- Film poster
- Directed by: Alice O'Fredericks; Robert Saaskin;
- Written by: Alice O'Fredericks; Jens Dennow;
- Based on: Der Brænder en Ild (1920) by Morten Korch
- Produced by: Henning Karmark
- Starring: Poul Reichhardt; Bodil Udsen; Ib Mossin; William Rosenberg;
- Cinematography: Steini Sveinbjørnsson
- Edited by: Wera Iwanouw
- Music by: Erik Jensen; Sven Gyldmark;
- Production company: ASA Filmudlejning
- Distributed by: ASA Filmudlejning
- Release date: 12 February 1962;
- Running time: 108 minutes
- Country: Denmark
- Language: Danish

= Der brænder en ild =

1962 film

Der brænder en ild (A Fire is Burning) is a 1962 Danish family-comedy-drama film based on the 1920 book of the same name by novelist Morten Korch. Directed by Alice O'Fredericks and Robert Saaskin, the movie stars Poul Reichhardt, Bodil Udsen, Ib Mossin and William Rosenberg.

The film is set in 1920 and follows the return of Martin, a charismatic outdoorsman who returns to his old farm and home after working abroad in Greenland for nine years. He reunites with his former love Martha, but is heartbroken to discover she ended up marrying his old friend Just. Although having initially planned to use his savings to start up his own machine station, Martin decides to help out the hardworking Just in settling his many debts and loans. Just, however, is extremely hesitant to accept financial aid from a former boyfriend of Martha's. Subplots concern the romantic interest of Henrik and Jesper, both farmworkers who develop a feud over a woman.

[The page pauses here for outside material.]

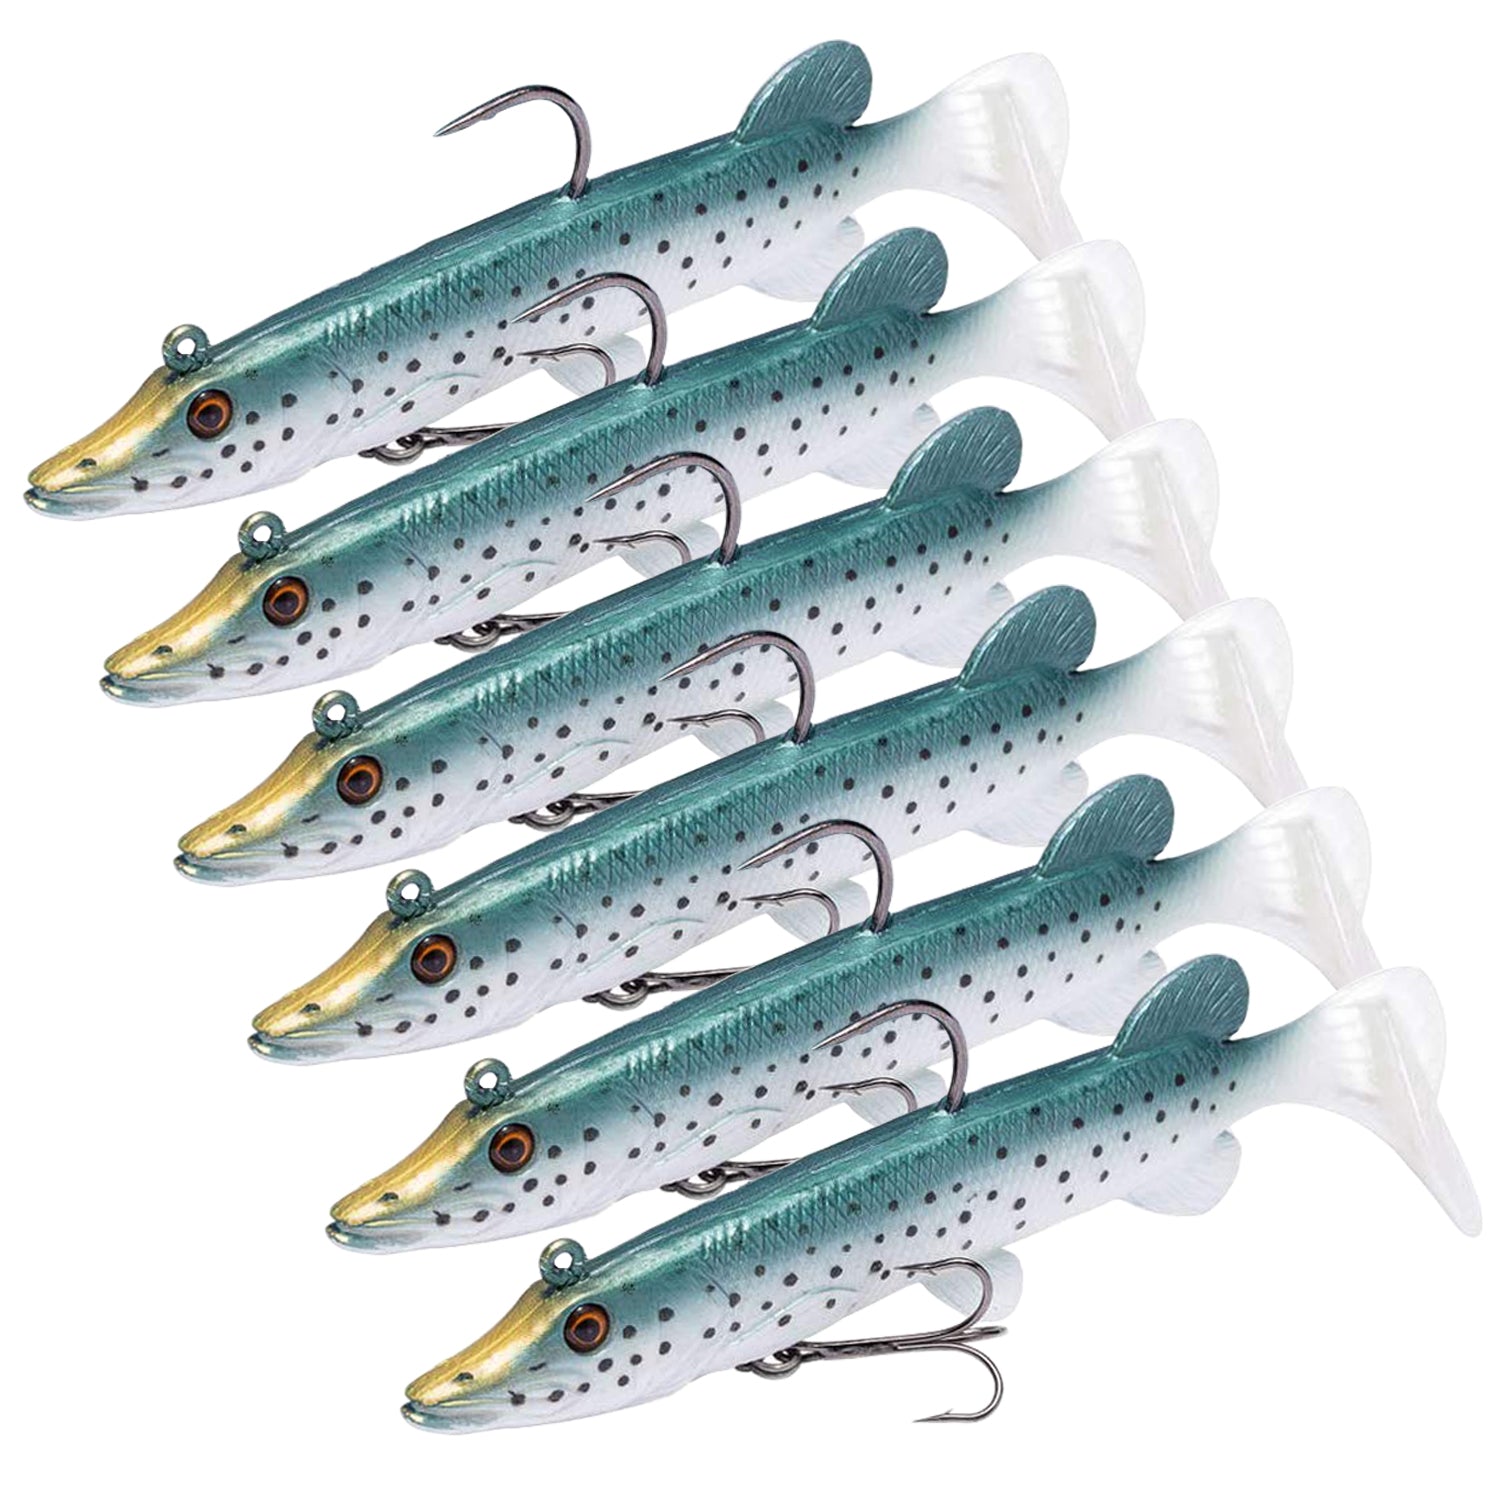 True Pike 5 inch paddle tail swimbait Pack of 6

The motion picture premiered in Copenhagen and Aarhus cinemas on 12 February 1962 and became a critical and major commercial success. Production and distribution was done by ASA Film. Like several other films adapted by Korch's popular family novels, the film developed a cult following and is regarded as one of the best from the Korch-era.

== Plot ==
After working in Greenland for almost nine years, Martin (Poul Reichhardt) returns in 1920 to his childhood home, hoping to benefit from the short-lived economic boom following the First World War.

He takes a quick tour of the now-industrialized city and greets his old friends at the inn, and then visits his puppy love Martha (Astrid Villaume). She is delighted to see him, but tells him she has married someone else. Fearing Martin's reaction, she decides not to mention her spouse is Martin's childhood comrade Just (William Rosenberg), a stubborn and hardworking farmer. Upon learning of this, Martin becomes emotionally frustrated. Even so, he accepts Just's offer of work and accommodation at his farm. He learns that Just is in conflict with his uncle Bent (Jørn Jeppesen), co-owner of the farm, who wants to sell the property before their money situation worsens. Just angrily resists, hoping to borrow money from the bank to tide them over.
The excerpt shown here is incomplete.